[Ifeffit] Debye factor and S02 correlation
Dr. Paul Fons
paul-fons at aist.go.jp
Sat Nov 2 08:27:17 CST 2002
I meant to send this off to the list (instead I sent it to Scott Calvin
only). Ahh the wonders of email.
I thought I would parrot back something I read in one of Bruce's
tutorials (that seemed to work well for me), namely that the Debye
factor, sigma has a k dependence while S02 does not. This means that
if you can Fourier isolate the first shell (and you can assume a
coordination number), you can determine a value for S02 by a fit using
different k weights. You simply fit sigma for various fixed values of
S02 (e.g. 0.6 - 1.0) and repeat the process for different k weights
(e.g. k, k^2, k^3). The resulting plot of sigma vs. S02 will result in
a straight line for a given k weighting. The three different k weights
will intersect at a single point (or almost so) and the value of S02 at
this point will be the value of S02 for the sample.
While we are discussing S02, I thought I would ask a little more about
it myself.
1.
S02, the passive electron reduction factor is a term that encompasses
many body effects, in particular the effect of the core hole. It is
also as such said to have a "weak energy and path dependence" [J.J.

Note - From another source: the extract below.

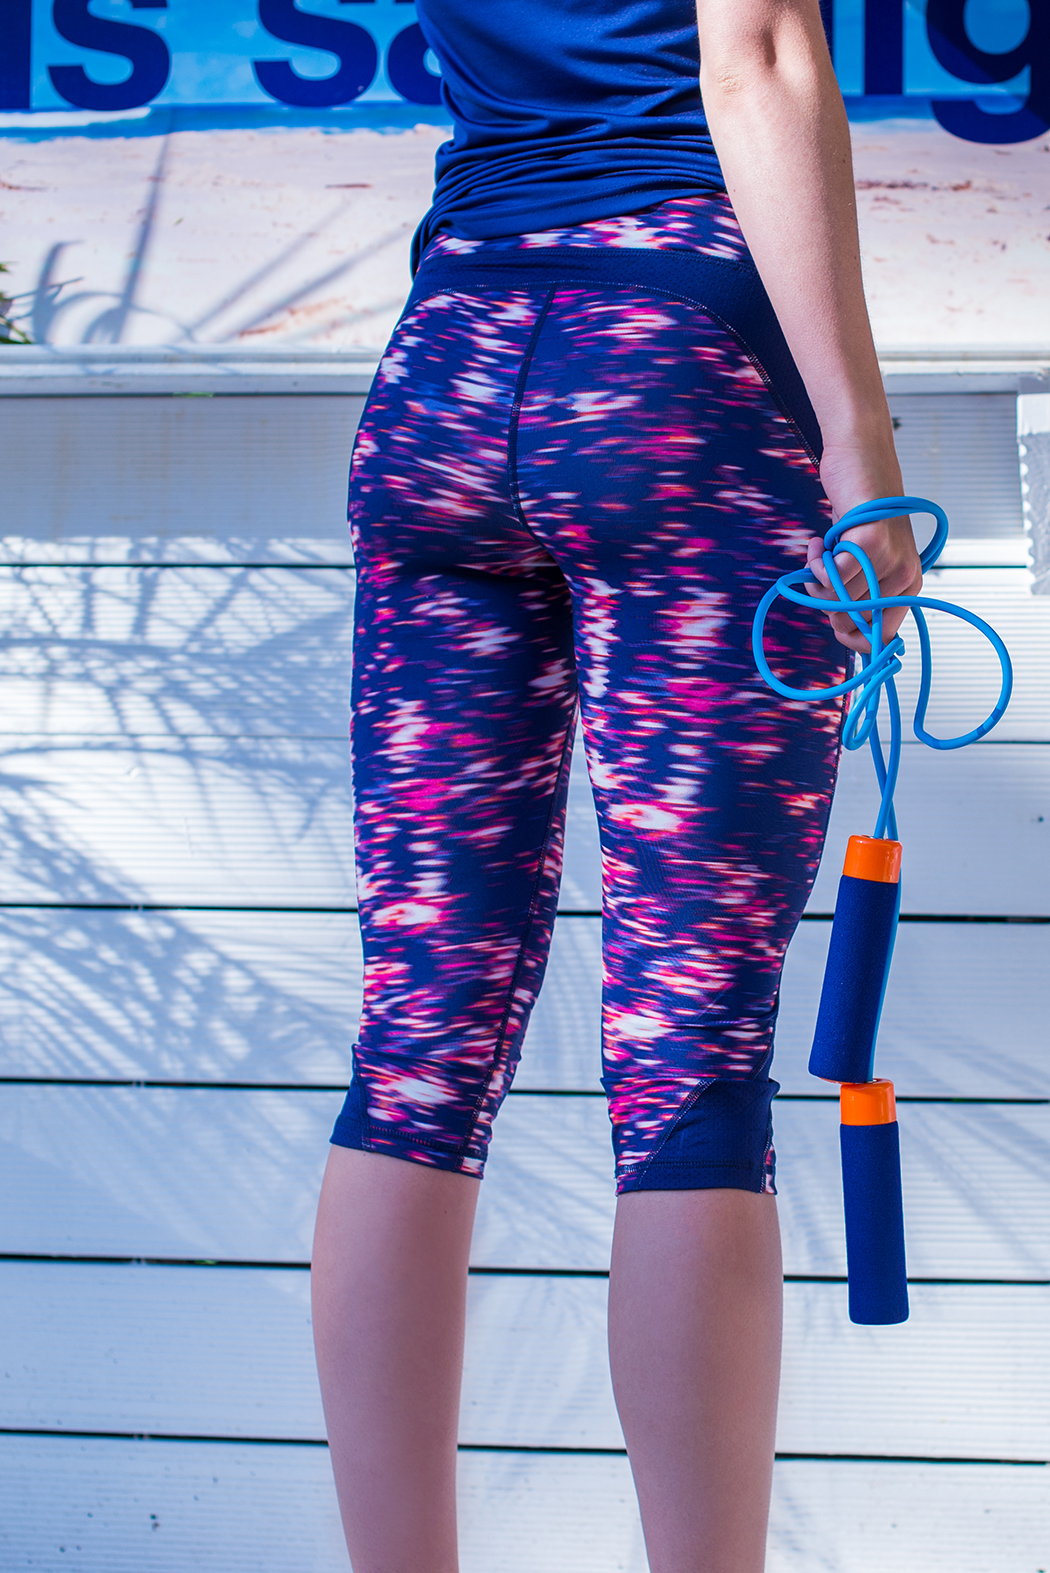 Fitnessblog-Fitnessblogger-Fitness-Blog-Blogger-Sport-Tchibo-Yoga-Wochenwelt-Lindarella-Linda-7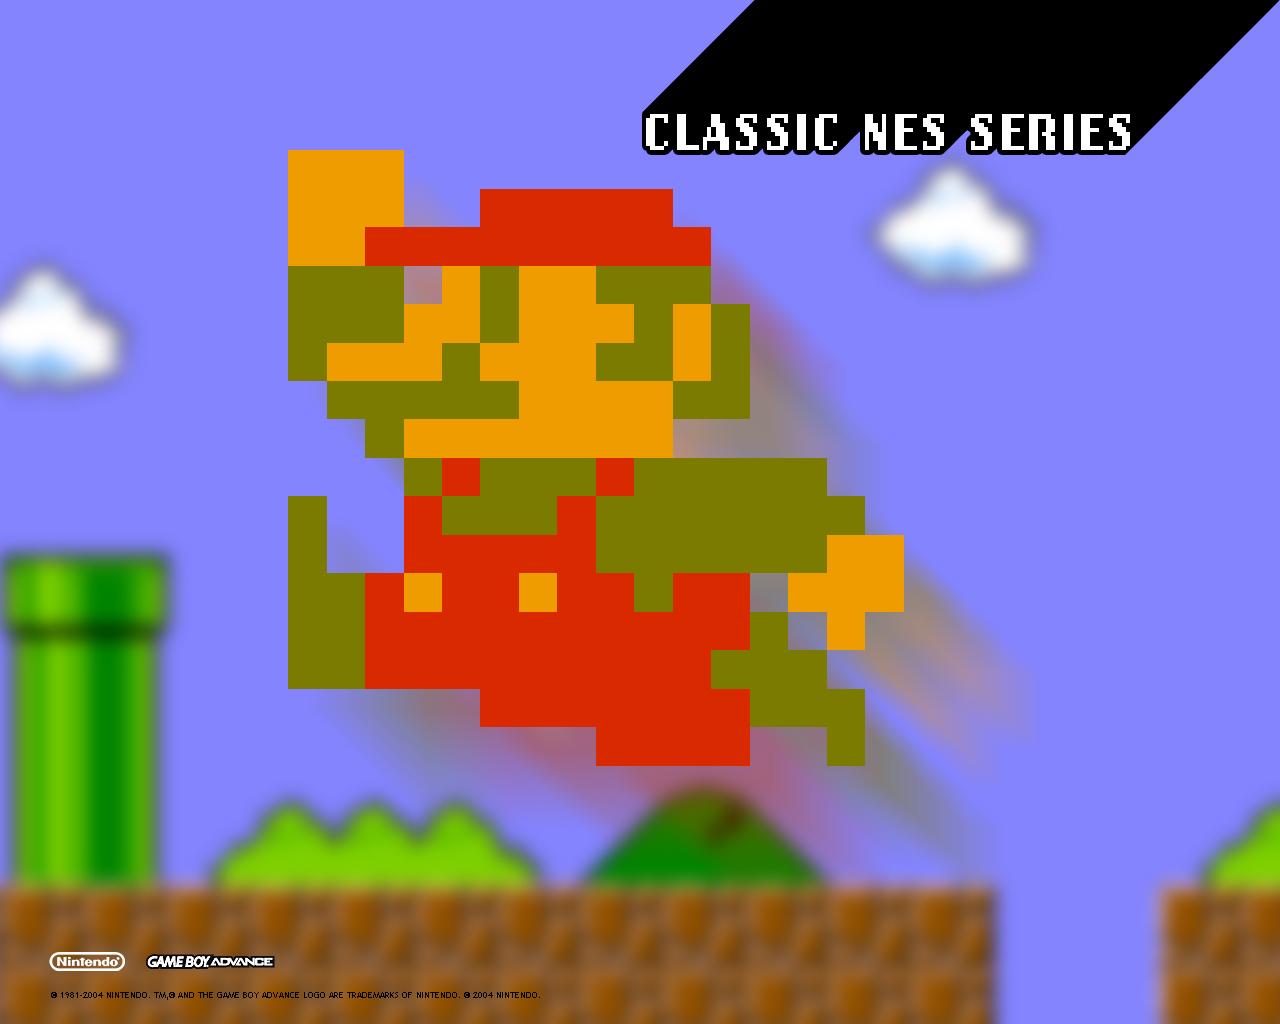 Mario wallpaper titled Classic NES Series: Super Mario Bros. wallpaper

Rehr and R.C. Albers in Reviews of Modern Physics, v. 72, no. 3
(2000)]. The question is how fair is it to assume that S02 is a
constant independent of shell, or in other words should S02 be allowed
to vary with shell (e.g. with significant multiple scattering
contributions?)
2.
I don't remember the paper offhand, but as I recall, in a paper by
Bruce, the value of S02 was ascribed a value greater than unity. I
didn't grok the explanation at the time, and was wondering if Bruce (or
anyone else) in his ever-expanding knowledge of exafs has an
explanation for when/if S02 can be greater than unity. Certainly if
you consider Rehr's definition of the overlap integral of the N-1
electron wavefunction with and without a core hole, the value of S02
cannot be greater than unity[same reference, p. 636]. Any comments?